### 5.1.5 Scientific Notation

This subsection is not completed yet, but in the meantime here are some practice questions.

Remember:
To convert a number in scientific notation to decimal notation, the exponent tells you how many jumps the decimal point should make, e.g. $9.1273 \times 10^3 = 9127.3$ because the decimal point moves $3$ places.

Add zeros if necessary, e.g. $1.7 \times 10^4 = 17000$.

If the exponent is negative then the decimal point moves to the left, e.g. $3.42 \times 10^{-3} = 0.00342$ because the decimal point moves $3$ places to the left, and we put zeros in the empty places. A quick way to work it out is that the number of zeros you need to add is given in the exponent ($10^{-3}$ means $3$ zeros should be added).

Remember:
To write something in scientific notation, shift the decimal point until it’s after the first significant figure.
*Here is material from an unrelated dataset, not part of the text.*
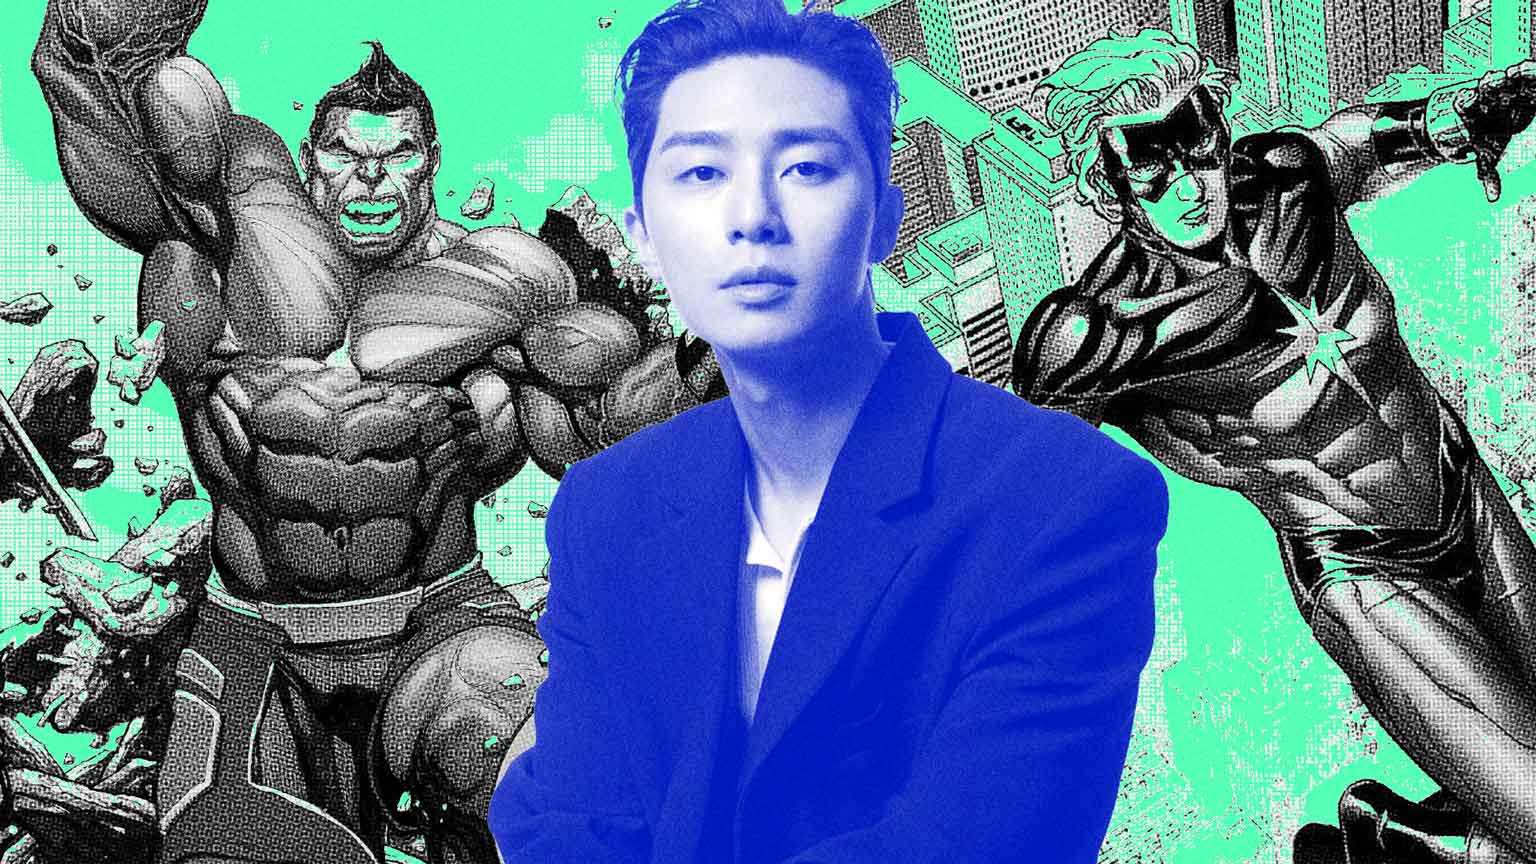 Park Seo-joon May Be In Captain Marvel 2. Here’s Who He Could Play

If the decimal point needs to move to the left then the exponent is the number of jumps made by the decimal point, e.g. $158.29 = 1.5829 \times 10^2$ because we had to move the decimal point $2$ places to the left.
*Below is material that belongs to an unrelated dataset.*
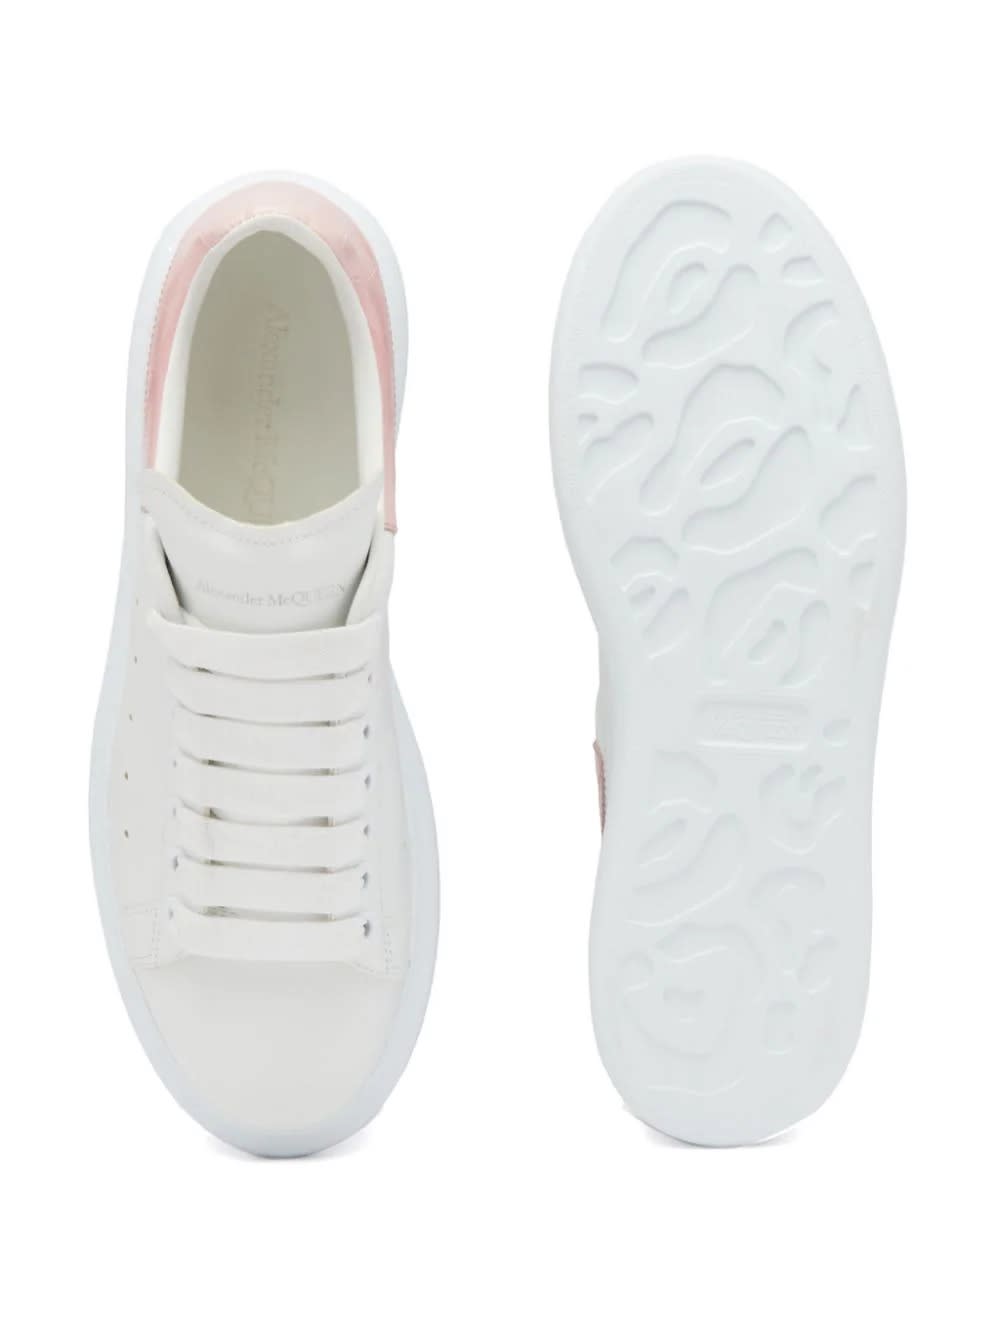 Shop Alexander Mcqueen Oversized Sneakers In White And Clay With Crocodile Effect Spoiler

If you need to write a whole number in scientific notation, then consider the decimal point to start after the number, e.g. $38527 = 38527. = 3.8527 \times 10^4$ because we had to move the decimal point $4$ places to the left.
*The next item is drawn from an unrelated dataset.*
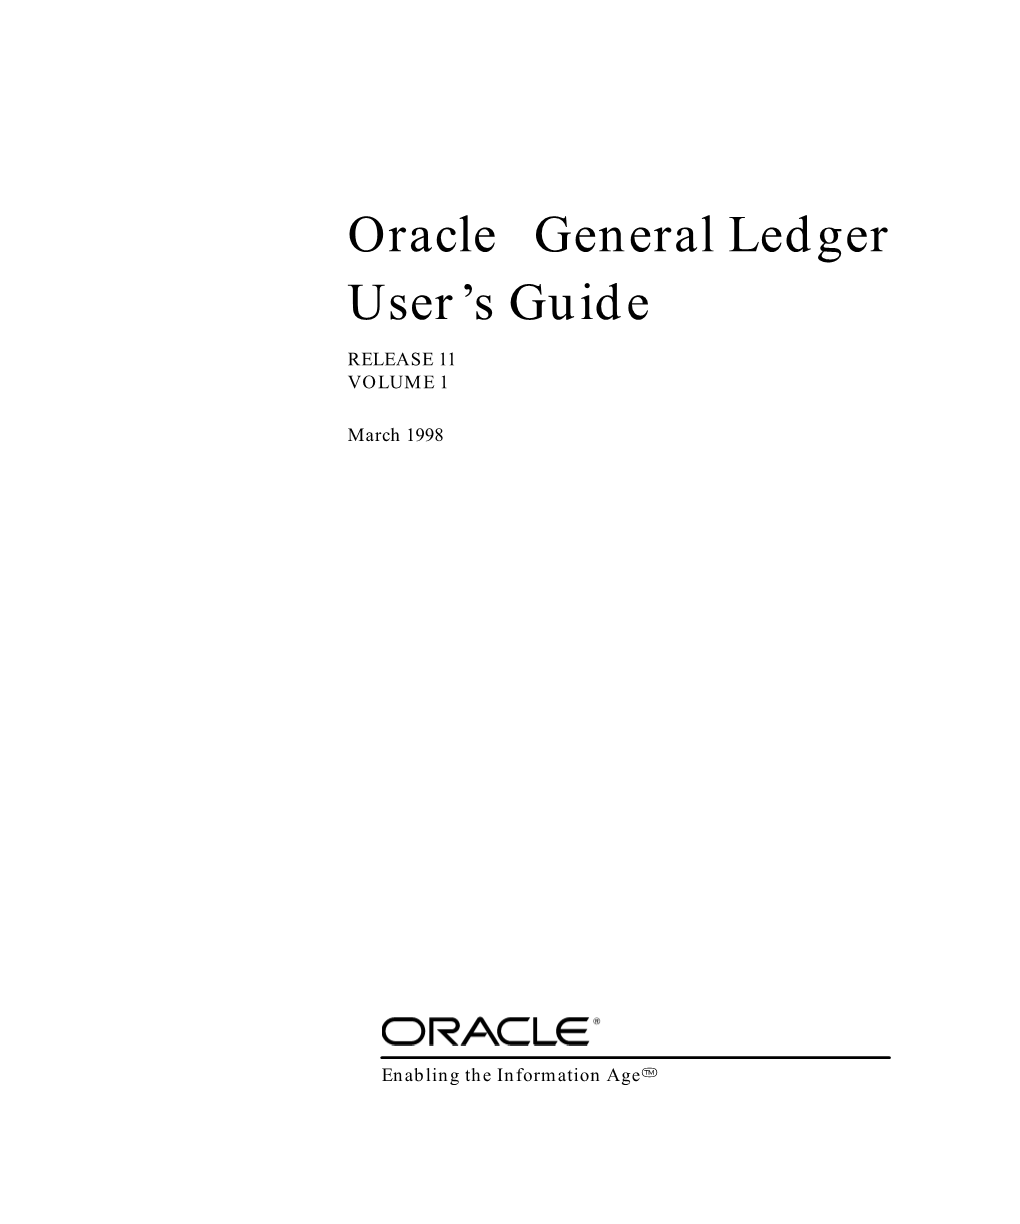 Oracle General Ledger User's Guide Release 11

Zeros at the end of a whole number are most likely not significant, so they can be removed after converting, e.g. $15000 = 1.5\times10^4$.

If the decimal point needs to move to the right, then the exponent will be negative, e.g. $0.00386 = 3.86 \times 10^{-3}$ because we had to move the decimal point $3$ places to the right. A quick way to work it out is that the number of zeros at the front tells you the exponent: $3$ zeros means the exponent is $-3$.